Let $(V_\mathbb R,\langle,\rangle)$ be an inner product space. I’m trying to see for $x,y\in V$ when does $\|x+y\|=\|x\|+\|y\|?$
Let $\|x+y\|=\|x\|+\|y\|$
Squaring both sides, $\langle x+y,x+y\rangle=\langle x,x\rangle+\langle y,y\rangle+2\|x\|.\|y\|\\\ge\langle x,x\rangle+\langle y,y\rangle+2\langle x,y\rangle\\=\langle x,x\rangle+\langle x,y\rangle+\langle x,y\rangle+\langle y,y\rangle\\=\langle x,x+y\rangle+\langle x+y,y\rangle…(*)\\\implies\langle x+y,x+y\rangle-\langle x,x+y\rangle\ge\langle x+y,y\rangle\\\implies0\ge\langle x,0\rangle+\langle y,y\rangle\text{ due to linearity}\\\implies y=0$
Again from $(*),\langle x+y,x+y\rangle-\langle x+y,y\rangle\ge\langle x,x+y\rangle\\\implies 0\ge\langle x,x\rangle+\langle0,y\rangle\\\implies x=0$
Where did I go wrong?
The third line in your formulas can be written (if you use that $\langle x,y\rangle=\langle y,x\rangle$) as $\langle x+y,x+y\rangle$. So you have equality in the inequality in your second line. This implies
$$
\langle x,y\rangle=\|x\|\,\|y\|,
$$
i.e. equality in Cauchy-Schwarz. So $x$ and $y$ are colinear.
Regarding your mistake, the two sides of the inequality in your first “implies” are equal. So your second “implies” is wrong.
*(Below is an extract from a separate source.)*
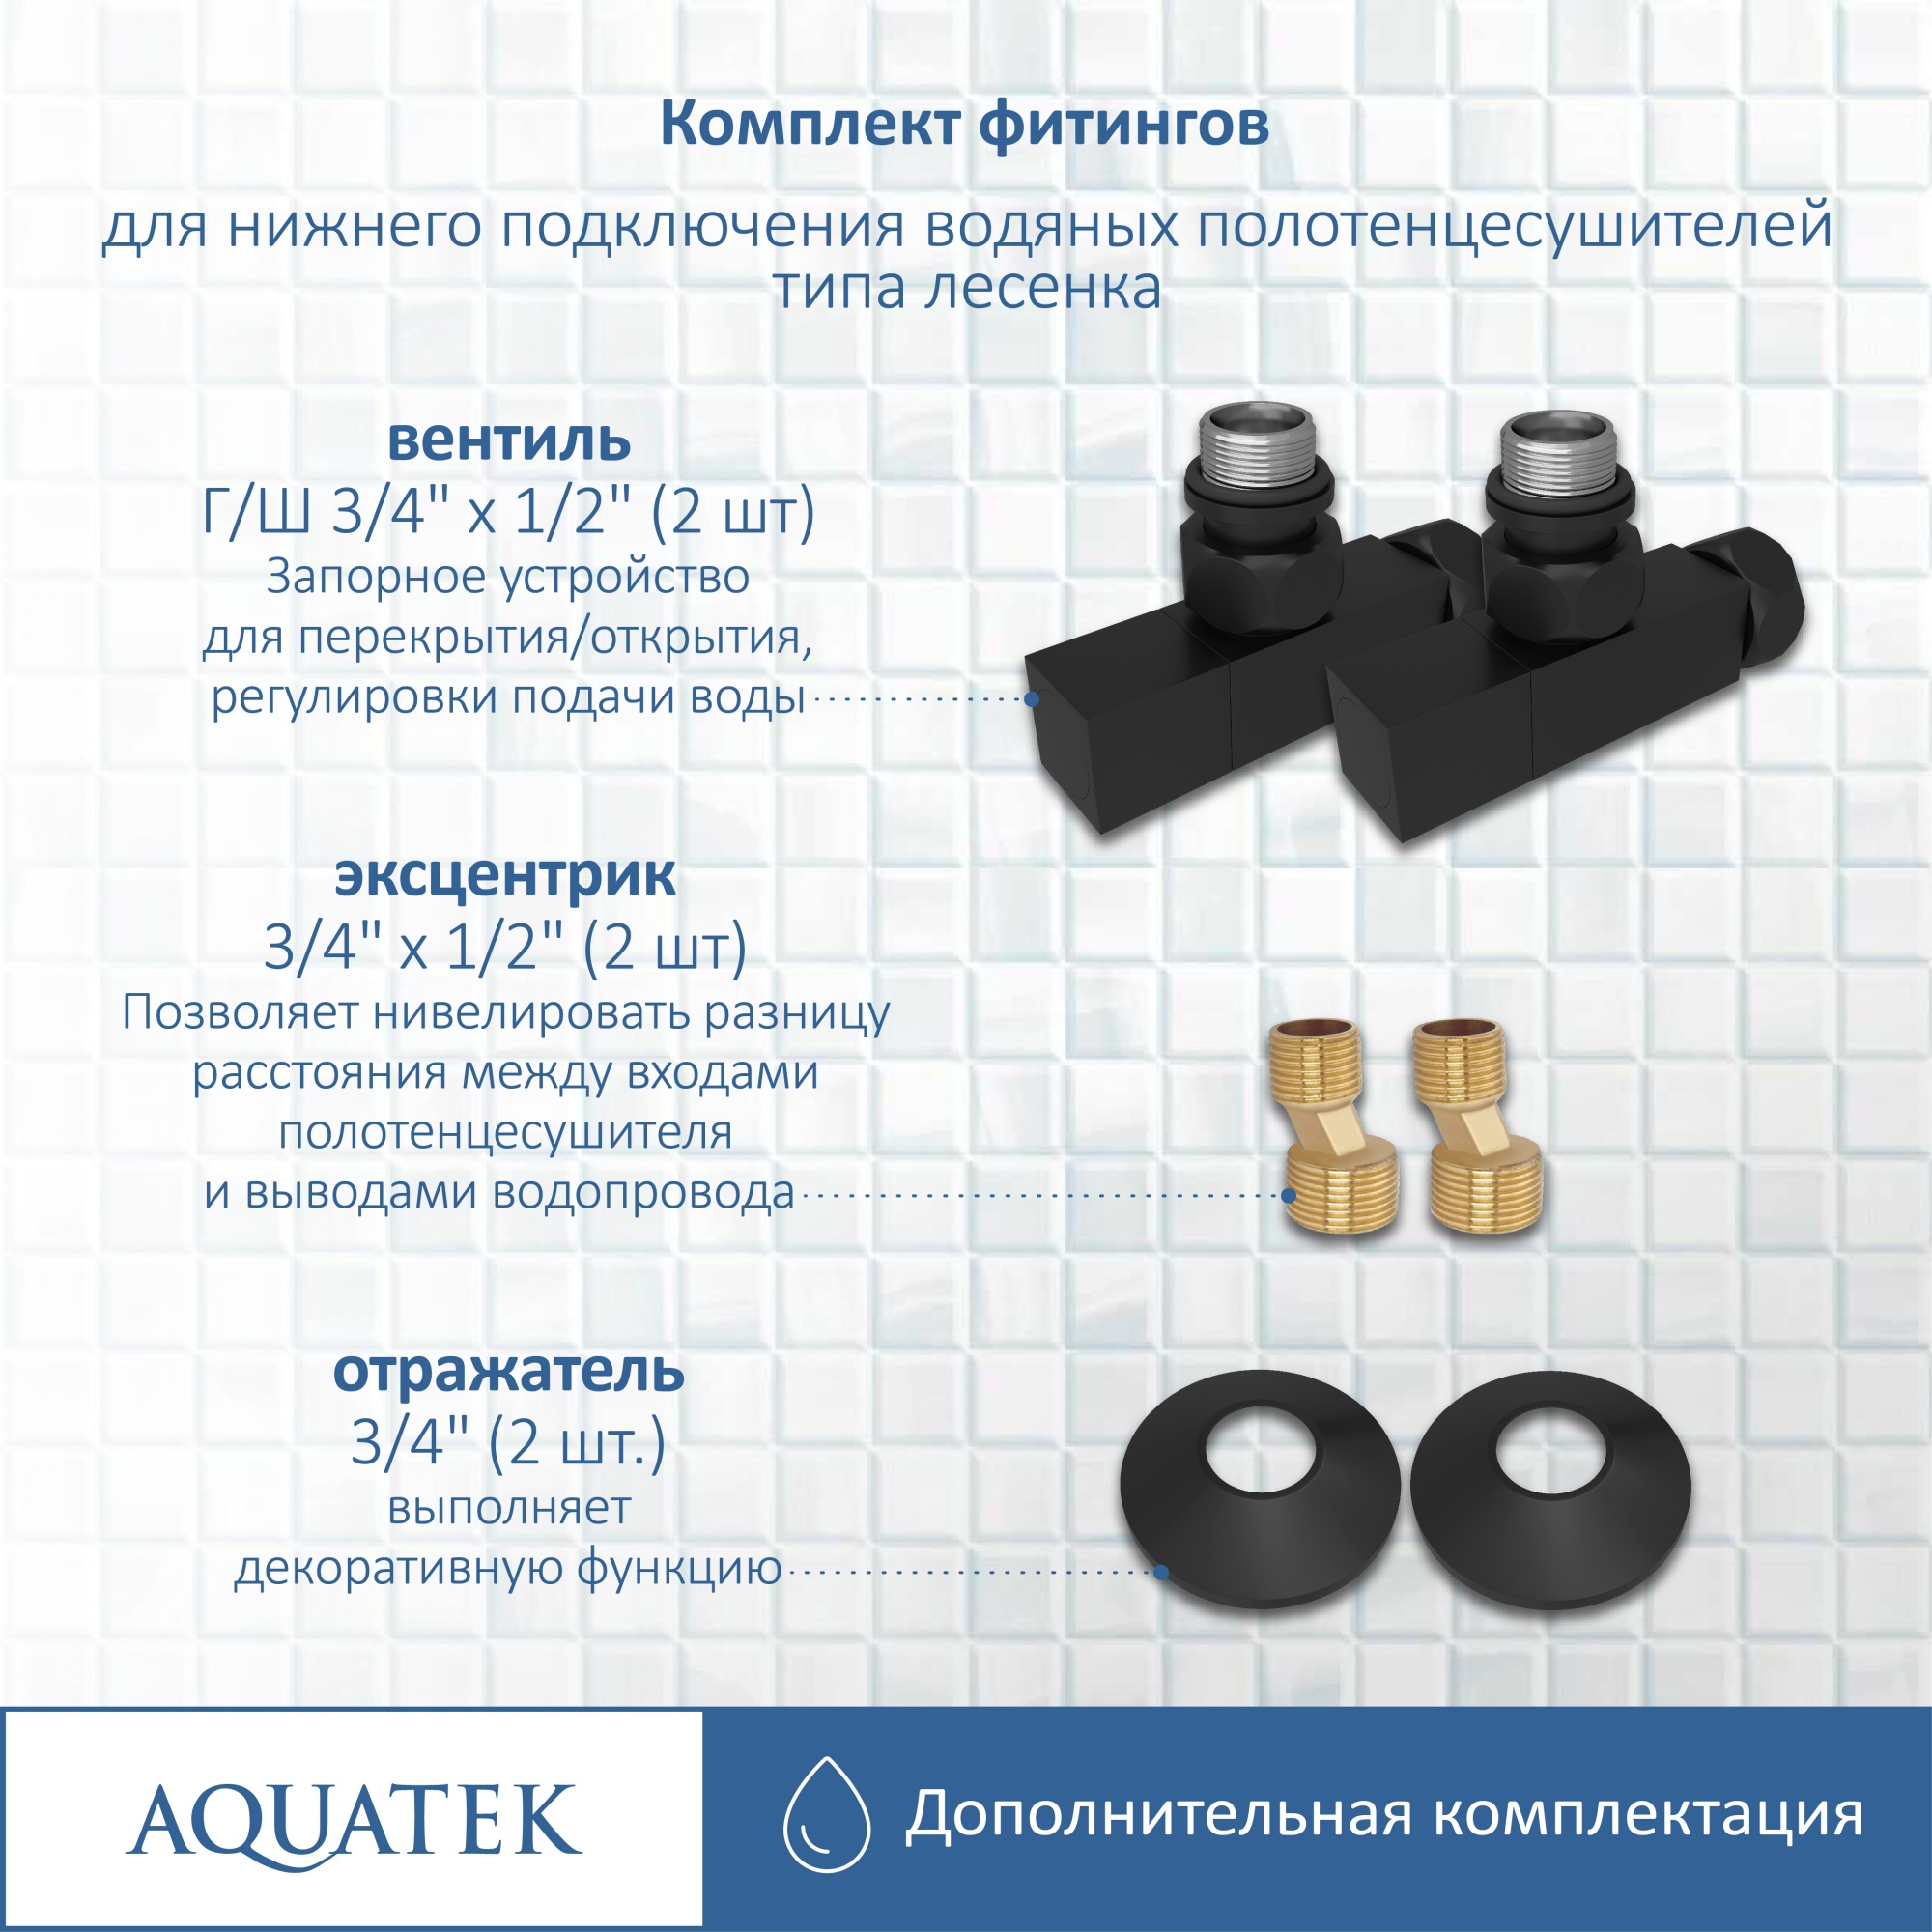 Комплект фитингов для нижнего подключения водяных полотенцесушителей Aquatek AQ 2020BL

Suppose $||x+y|| = ||x|| + ||y||$. Then we have
$$\begin{align*}
\langle x + y, x + y \rangle &= \langle x, x + y \rangle + \langle y, x + y \rangle\\
&= \langle x, x \rangle + 2\langle x, y \rangle + \langle y, y \rangle\\
||x+y||^2&= ||x||^2 + 2\langle x, y \rangle + ||y||^2\\
\end{align*}$$
But from the assumption we have $||x+y||^2 = (||x|| + ||y||)^2 = ||x||^2 + 2||x||\,||y|| + ||y||^2\\$. By the Cauchy–Schwarz inequality, this means x and y are linearly dependent, and specifically $x=cy$ for $c\ge 0$ (notice the absolute value around the inner product in the Cauchy-Schwarz inequality).
I just realized I never addressed your question. The first implication is incorrect, since $\langle x+y,x+y\rangle-\langle x,x+y\rangle=\langle y,x+y\rangle$. In a real inner product space, your “inequality” is an equality, and in a complex vector space it is not safe to assume inequality.